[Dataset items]

※ ※ ※

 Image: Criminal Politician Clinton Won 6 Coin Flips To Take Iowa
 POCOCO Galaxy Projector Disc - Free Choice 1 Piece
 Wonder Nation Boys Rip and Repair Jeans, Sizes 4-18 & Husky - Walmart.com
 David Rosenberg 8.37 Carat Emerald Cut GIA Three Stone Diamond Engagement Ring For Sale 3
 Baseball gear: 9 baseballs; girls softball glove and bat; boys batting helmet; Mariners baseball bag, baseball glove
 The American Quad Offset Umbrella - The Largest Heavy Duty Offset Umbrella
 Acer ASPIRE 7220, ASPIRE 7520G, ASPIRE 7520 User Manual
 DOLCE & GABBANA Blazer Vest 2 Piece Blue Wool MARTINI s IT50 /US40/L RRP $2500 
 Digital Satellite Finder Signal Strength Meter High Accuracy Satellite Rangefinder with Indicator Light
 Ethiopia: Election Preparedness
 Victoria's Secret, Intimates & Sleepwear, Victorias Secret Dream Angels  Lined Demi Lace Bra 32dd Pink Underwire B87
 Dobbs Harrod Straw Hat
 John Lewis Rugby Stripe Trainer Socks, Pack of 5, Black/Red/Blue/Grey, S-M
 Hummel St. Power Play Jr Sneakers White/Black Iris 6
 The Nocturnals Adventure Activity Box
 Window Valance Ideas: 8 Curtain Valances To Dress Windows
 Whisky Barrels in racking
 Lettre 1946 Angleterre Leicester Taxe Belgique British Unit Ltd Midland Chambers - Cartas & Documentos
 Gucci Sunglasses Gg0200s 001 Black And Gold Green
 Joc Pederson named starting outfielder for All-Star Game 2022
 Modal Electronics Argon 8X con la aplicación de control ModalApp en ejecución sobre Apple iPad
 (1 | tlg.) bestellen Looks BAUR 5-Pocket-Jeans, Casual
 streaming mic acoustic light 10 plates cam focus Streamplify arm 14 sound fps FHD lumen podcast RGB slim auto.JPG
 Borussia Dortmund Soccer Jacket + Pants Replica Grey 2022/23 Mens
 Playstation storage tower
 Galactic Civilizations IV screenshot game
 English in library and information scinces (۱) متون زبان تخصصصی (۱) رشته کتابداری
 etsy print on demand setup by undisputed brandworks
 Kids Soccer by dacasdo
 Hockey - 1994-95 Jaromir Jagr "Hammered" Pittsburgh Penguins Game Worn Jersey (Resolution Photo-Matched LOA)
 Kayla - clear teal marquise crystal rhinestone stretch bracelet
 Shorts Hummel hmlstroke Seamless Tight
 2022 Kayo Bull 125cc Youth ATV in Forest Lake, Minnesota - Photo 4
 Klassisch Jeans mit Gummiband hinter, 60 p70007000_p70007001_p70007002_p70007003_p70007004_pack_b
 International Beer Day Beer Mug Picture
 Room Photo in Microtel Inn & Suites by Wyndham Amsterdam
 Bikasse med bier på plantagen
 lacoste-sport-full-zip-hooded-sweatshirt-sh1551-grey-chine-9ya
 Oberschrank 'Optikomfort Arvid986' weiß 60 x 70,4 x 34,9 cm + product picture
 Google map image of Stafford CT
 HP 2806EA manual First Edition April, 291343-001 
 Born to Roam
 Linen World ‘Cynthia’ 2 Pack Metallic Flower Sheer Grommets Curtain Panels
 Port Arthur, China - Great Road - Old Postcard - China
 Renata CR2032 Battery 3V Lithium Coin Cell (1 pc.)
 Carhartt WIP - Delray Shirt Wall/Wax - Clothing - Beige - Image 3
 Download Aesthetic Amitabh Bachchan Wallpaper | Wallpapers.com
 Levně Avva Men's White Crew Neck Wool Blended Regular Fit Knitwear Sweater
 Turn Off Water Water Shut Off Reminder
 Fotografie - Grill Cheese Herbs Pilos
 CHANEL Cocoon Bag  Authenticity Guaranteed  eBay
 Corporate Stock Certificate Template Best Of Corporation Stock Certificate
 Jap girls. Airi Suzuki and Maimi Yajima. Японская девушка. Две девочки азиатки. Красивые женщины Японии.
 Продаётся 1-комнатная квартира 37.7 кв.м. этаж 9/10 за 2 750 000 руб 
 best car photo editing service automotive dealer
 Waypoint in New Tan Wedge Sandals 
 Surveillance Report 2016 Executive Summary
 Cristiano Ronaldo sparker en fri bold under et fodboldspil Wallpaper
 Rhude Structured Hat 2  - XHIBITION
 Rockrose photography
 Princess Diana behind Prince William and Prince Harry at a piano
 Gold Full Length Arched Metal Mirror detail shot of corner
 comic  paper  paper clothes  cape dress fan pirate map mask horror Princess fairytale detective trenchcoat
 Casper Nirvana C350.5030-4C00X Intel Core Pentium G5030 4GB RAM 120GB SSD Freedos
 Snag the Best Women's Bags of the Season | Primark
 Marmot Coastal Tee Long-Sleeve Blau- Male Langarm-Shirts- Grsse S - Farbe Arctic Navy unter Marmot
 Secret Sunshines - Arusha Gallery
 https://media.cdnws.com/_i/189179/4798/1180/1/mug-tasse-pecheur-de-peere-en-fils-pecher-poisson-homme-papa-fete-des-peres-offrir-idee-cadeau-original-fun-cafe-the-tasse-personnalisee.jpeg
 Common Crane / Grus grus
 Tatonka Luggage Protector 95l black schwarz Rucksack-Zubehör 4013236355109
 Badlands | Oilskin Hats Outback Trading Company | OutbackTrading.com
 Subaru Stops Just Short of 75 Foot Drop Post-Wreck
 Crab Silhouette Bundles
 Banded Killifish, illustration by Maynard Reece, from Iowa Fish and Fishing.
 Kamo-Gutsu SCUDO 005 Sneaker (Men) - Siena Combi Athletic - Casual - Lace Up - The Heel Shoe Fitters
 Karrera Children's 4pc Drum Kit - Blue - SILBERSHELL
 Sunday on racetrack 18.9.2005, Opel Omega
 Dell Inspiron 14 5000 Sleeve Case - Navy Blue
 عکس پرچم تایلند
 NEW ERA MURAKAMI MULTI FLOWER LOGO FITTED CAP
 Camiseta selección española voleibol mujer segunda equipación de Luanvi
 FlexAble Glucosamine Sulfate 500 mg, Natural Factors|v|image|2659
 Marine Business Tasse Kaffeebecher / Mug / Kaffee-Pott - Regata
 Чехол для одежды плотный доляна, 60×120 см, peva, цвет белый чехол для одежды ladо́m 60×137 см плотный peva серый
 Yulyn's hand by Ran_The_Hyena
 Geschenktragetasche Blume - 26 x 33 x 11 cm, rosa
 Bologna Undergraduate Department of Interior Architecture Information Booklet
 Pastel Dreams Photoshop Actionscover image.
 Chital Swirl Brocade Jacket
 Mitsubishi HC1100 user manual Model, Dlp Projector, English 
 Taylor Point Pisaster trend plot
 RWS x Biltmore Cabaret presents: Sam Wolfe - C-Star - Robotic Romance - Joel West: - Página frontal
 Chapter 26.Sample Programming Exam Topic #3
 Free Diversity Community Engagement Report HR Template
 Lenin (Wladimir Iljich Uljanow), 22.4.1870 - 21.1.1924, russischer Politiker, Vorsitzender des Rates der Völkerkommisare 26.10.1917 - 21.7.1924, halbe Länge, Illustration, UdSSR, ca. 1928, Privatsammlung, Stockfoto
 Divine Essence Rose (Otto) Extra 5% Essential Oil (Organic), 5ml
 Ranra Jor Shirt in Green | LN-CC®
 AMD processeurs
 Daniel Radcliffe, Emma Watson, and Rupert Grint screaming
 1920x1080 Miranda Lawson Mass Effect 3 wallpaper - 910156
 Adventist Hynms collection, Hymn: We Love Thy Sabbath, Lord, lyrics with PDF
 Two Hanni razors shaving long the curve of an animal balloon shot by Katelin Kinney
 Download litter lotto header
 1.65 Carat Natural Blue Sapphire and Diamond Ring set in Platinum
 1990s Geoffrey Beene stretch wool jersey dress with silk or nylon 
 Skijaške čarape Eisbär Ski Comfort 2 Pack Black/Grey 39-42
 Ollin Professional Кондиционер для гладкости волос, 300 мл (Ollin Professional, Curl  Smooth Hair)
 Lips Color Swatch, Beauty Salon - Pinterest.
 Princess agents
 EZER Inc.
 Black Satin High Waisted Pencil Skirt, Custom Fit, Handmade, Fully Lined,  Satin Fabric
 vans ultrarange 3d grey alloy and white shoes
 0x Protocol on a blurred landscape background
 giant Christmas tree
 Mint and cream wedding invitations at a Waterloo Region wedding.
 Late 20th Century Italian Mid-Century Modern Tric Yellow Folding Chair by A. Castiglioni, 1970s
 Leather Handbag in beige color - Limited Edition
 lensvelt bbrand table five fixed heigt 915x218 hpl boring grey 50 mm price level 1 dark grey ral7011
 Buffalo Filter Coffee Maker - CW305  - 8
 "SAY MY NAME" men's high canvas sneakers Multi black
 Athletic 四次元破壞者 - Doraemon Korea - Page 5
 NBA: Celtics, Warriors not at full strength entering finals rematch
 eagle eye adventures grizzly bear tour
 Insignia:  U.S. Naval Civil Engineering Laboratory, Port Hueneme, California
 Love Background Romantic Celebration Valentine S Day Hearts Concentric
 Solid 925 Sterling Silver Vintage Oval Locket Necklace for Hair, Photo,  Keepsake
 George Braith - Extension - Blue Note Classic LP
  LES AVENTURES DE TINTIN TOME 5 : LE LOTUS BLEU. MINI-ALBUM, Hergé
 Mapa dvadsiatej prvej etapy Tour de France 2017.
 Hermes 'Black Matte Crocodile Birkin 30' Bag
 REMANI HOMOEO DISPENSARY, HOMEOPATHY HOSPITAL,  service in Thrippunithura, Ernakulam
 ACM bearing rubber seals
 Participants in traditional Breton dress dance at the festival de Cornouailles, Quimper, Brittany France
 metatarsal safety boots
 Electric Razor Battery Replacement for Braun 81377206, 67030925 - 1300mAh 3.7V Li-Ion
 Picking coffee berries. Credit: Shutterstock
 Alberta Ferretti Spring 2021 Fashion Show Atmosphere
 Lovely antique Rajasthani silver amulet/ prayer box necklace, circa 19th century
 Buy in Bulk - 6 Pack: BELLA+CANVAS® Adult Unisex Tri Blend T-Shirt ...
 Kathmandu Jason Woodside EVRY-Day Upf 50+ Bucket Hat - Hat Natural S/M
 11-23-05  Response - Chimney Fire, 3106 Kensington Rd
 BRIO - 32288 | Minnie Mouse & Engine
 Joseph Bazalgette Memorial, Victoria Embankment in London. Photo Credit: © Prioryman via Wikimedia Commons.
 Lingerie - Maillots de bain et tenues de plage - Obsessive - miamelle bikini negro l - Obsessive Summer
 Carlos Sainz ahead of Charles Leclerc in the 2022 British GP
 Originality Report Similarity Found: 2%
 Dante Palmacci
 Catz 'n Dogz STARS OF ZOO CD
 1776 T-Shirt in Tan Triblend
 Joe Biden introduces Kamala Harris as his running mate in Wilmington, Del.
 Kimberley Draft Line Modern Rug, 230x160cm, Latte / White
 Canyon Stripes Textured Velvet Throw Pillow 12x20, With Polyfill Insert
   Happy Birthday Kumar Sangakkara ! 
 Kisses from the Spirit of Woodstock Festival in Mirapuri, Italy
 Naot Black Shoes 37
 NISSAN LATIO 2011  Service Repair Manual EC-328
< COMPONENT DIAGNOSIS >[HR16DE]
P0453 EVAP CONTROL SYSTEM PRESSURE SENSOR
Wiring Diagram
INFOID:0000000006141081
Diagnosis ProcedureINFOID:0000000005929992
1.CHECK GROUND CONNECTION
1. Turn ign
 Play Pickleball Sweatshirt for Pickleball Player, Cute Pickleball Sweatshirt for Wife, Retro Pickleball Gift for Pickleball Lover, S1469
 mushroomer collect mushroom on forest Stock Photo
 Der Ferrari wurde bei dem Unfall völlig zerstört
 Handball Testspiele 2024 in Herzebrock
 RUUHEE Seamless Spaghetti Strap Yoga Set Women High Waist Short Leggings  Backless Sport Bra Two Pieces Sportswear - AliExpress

※ ※ ※

[YOUR OBJECTIVE] The range runs from the line with "Handball Testspiele 2024 in Herzebrock" to the last line of the entries above, both included. Restate it word for word.

[OUTPUT OF THE EXERCISE]
 Handball Testspiele 2024 in Herzebrock
 RUUHEE Seamless Spaghetti Strap Yoga Set Women High Waist Short Leggings  Backless Sport Bra Two Pieces Sportswear - AliExpress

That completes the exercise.